While trade wars and Brexit keep the politicians busy, central bankers are concentrating on the economy in the run-up to crucial interest rate decisions. This week the European Central Bank meets, next week it’s the turn of the Federal Reserve and the following week it’s the Bank of England. And they will all have a laser focus on growth and inflation. 

Core inflation - a less volatile measure than headline inflation that strips out food and energy costs - has been on the rise since 2015. In the aftermath of the global financial crisis, there was plenty of spare capacity in the economy and inflation was muted as a result. In recent years, that capacity has shrunk. Employment is nearing its full level, leading to wage pressures. The story in the UK is slightly different because it’s the currency, which depreciated following the Brexit referendum, that has largely driven inflation.

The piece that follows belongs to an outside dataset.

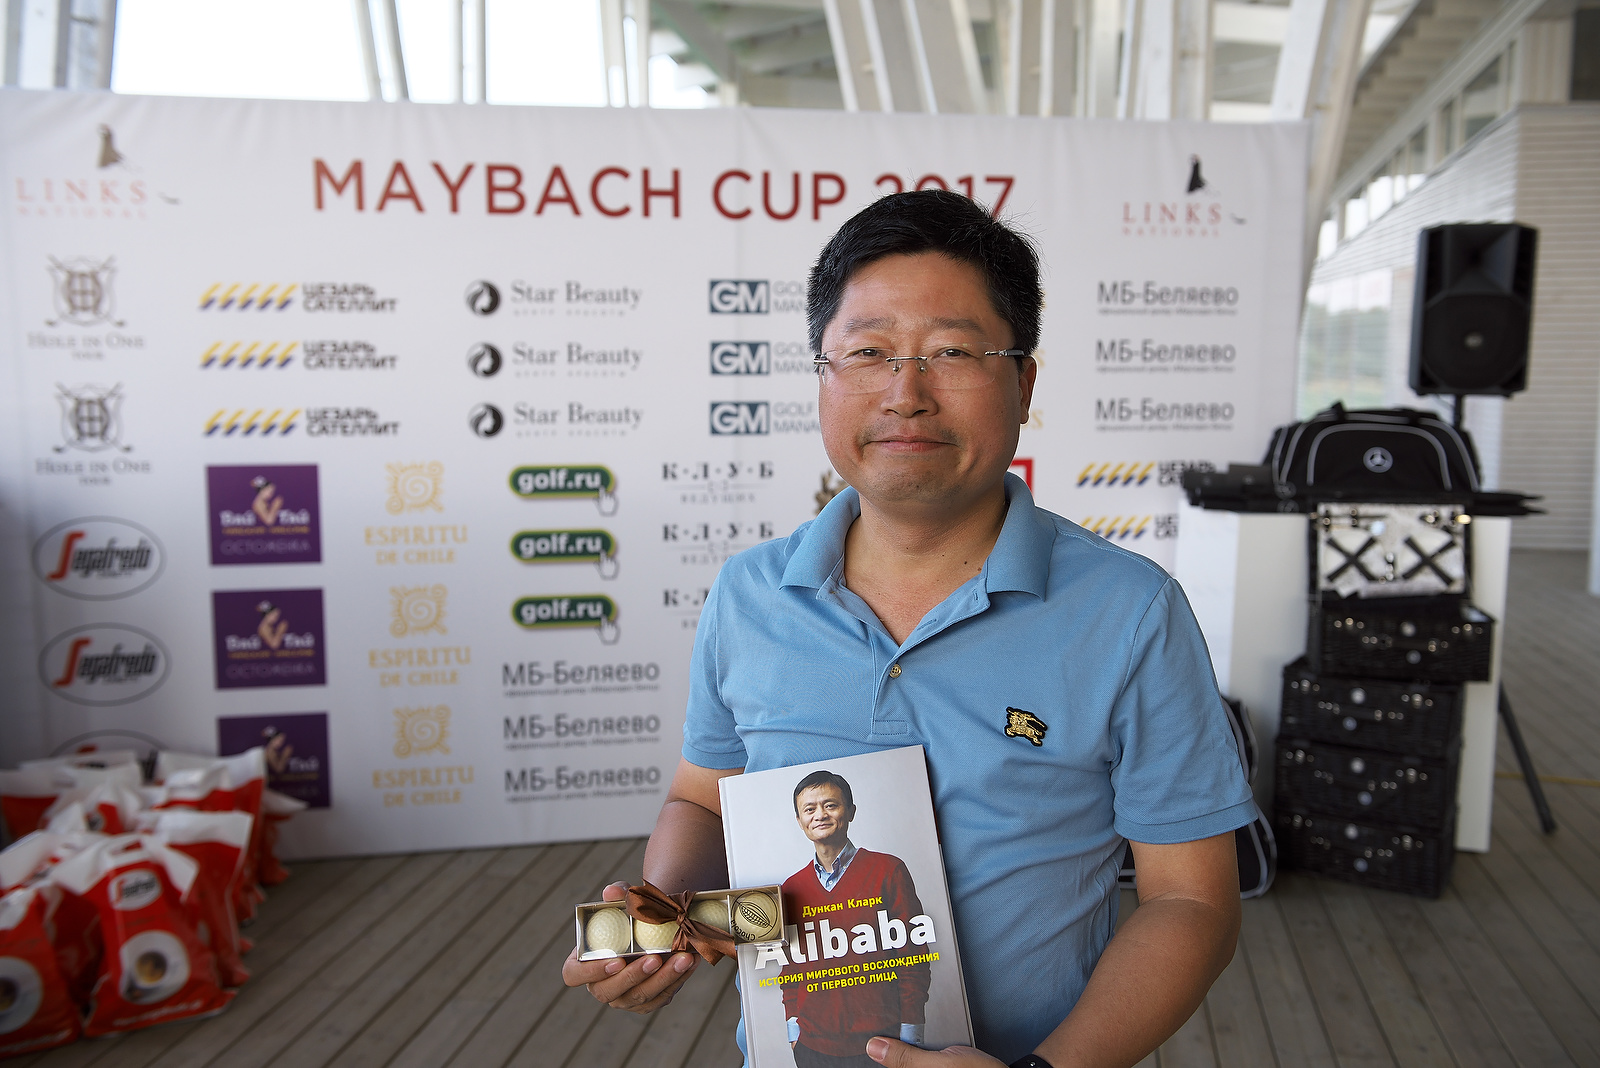 Maybach cup

We expect global growth to recover in 2020, mainly driven by easier monetary conditions, although the recovery will be subdued. Bond yields have fallen as central banks in the US, Europe and emerging markets undertake synchronised easing and, in some cases, asset purchases, stimulating the economy. China also has supportive fiscal and monetary policies. In the UK, prices should rise due to imported inflation via a still weak currency and mounting wage pressures. But the growth outlook has yet to improve significantly and may struggle to do so until there is much greater certainty around the UK’s long-term relationship with the EU.

From an investment standpoint, markets may have too high expectations of UK inflation, especially as the country could adopt a new method of calculating inflation that would systematically bring the rate down. But globally, inflation-linked bonds appear very cheap in a climate of rising inflation, tight labour markets and potential fiscal stimulus.